Ragaratnam Nedumangad Sivanandan (V. Sivanandan Nair, born 30 June 1935) is a violinist in the Carnatic tradition of India, who has been in the forefront of both teaching of the Carnatic tradition on the violin, as well as its performance on stage. His contributions to Indian classical music span over 60 years.

==Early life and background==
Nedumangad Sivanandan was born to the harmonist-vocalist Neyyanttinkara Vasudevan Pillai and Dakshayani Amma in Neyyatinkara in Trivandrum district of Kerala. His family moved to Nedumangad, also in Trivandrum district, shortly after his birth. His early music training was with his father, after which he joined the Swathi Thirunal Music Academy, Thiruvananthapuram, graduating with a Ganabhushanam in music in 1954.

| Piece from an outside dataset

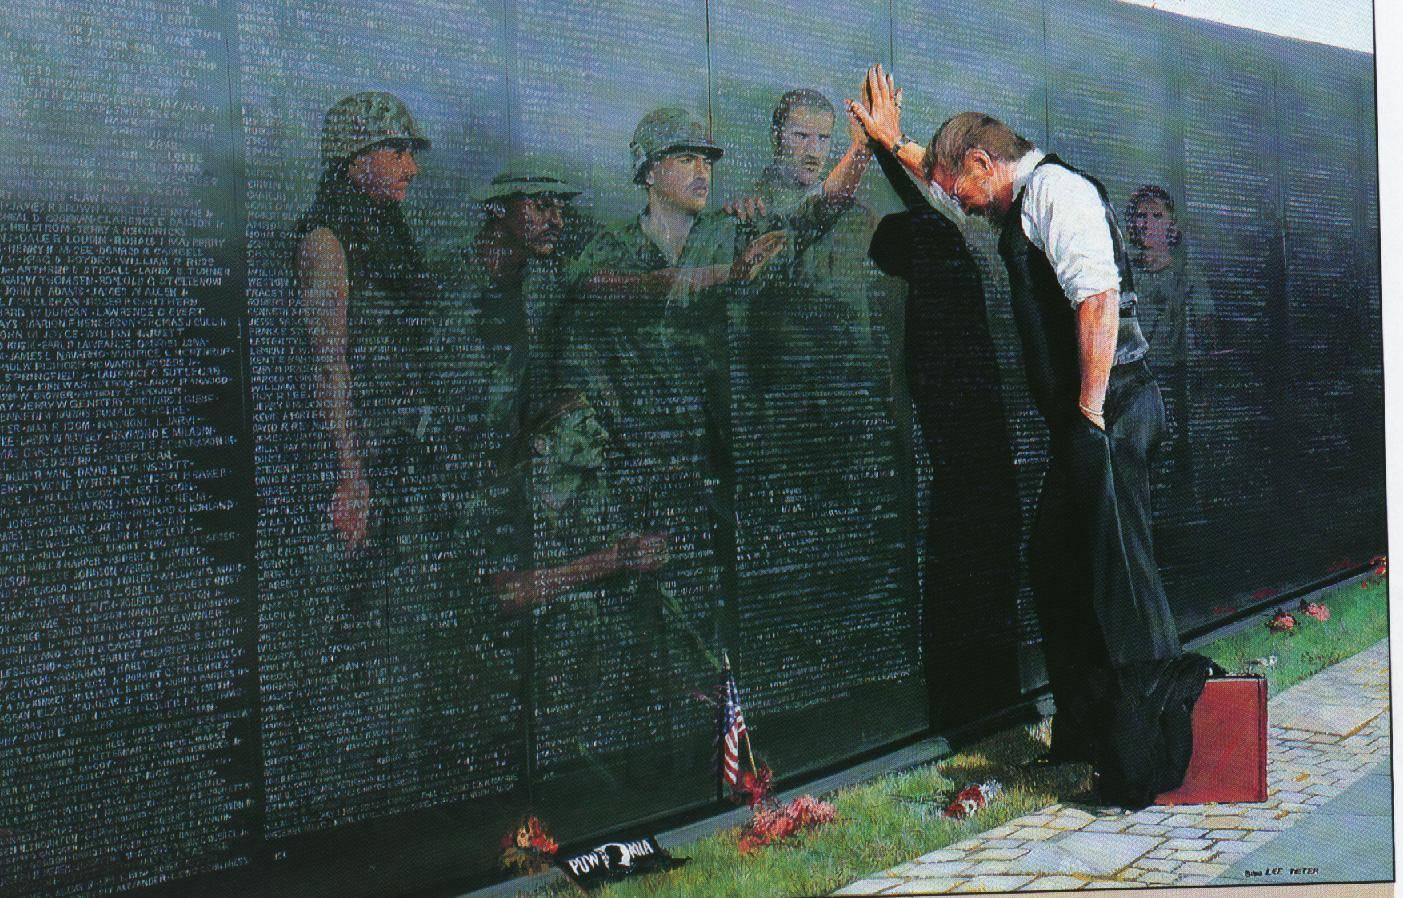 Vietnam War Monument   World History Wallpaper 1403x898

He went on to do higher studies in the violin in the Gurukula style as the disciple of one of the most famous violinists of the period, Virudunagar Ganapathiya Pillai, who was himself the disciple of the great violin Maestro Kumbakonam Rajamanickam Pillai. Since then Sivanandan has been performing on stage, as well as teaching the art of Carnatic violin to numerous disciples, many of whom have achieved professional excellence with the instrument. He continues to teach presently.

Professionally, he was a music teacher with the Education Department, Government of Kerala, superannuating from service in 1990.

==Professional accomplishments==
Nedumanagad Sivandan is a well-known accompanying artiste, soloist, teacher, and resource person for numerous music-related activities. He has been recognized with numerous titles and awards, including 'Ragaratna' and Srutilaya's 'Sargaratna'. He received the Kerala Sangeetha Nataka Akademi Award in 2000. He has performed on many stages in India and abroad.

Nedumangad Sivanandan has been a mentor and teacher to a large and diverse student community. Among his students are some of the most well-known violinists in the contemporary music scene in Kerala, including several "A" Grade artists in All India Radio (Edappally Ajith Kumar, Thiruvizha Sivanandan, Cherthala Sivakumar, Thiruvizha "Viju" S. Ananad, Ms. Bindu K. Shenoy, Ms. V. Sindhu and Manjoor Renjith) and international artists like Toronto Jayadevan as well as a 'B High' Grade artists such as Neelur Jayakumar.

Nedumanagad Sivanandan has accompanied numerous senior vocalists including V. Dakshinamurthy, Neyyattinkara Vasudevan, Parassala Ponnammal, Padmashree K J Yesudas, Sudha Raghunathan, M.G. Radhakrishnan, T.M.Krishna, O.S.Tyagarajan, V. Ramachandran and Matangi Satyamurthy. At the same time, he has mentored numerous young vocalists & instrumentalists including Sankaran Namboothiri, and Vaikom Vijayalakshmi from their initial times. In 2007, he played the role of a violinist in the Malayalam film, Anandabhairavi.

His disciples, together with art lovers in the region, celebrated his 80th birthday on 28 June 2015 as "Sivananda Lahari", a day-long get-together with classical recitals and a public meeting.

==Family==
Nedumangad Sivanandan is married to Vilasini S. Nair. His daughter, Sindhu V., is herself a violin artiste and teacher of music at the Chembai Memorial Govt. Music College, Palghat. Nedumangad Sivanandan, together with Sindhu and her son, Adarsh Dileep, have performed in several places as the violin trio. His sons are Satish Babu and Santosh Babu.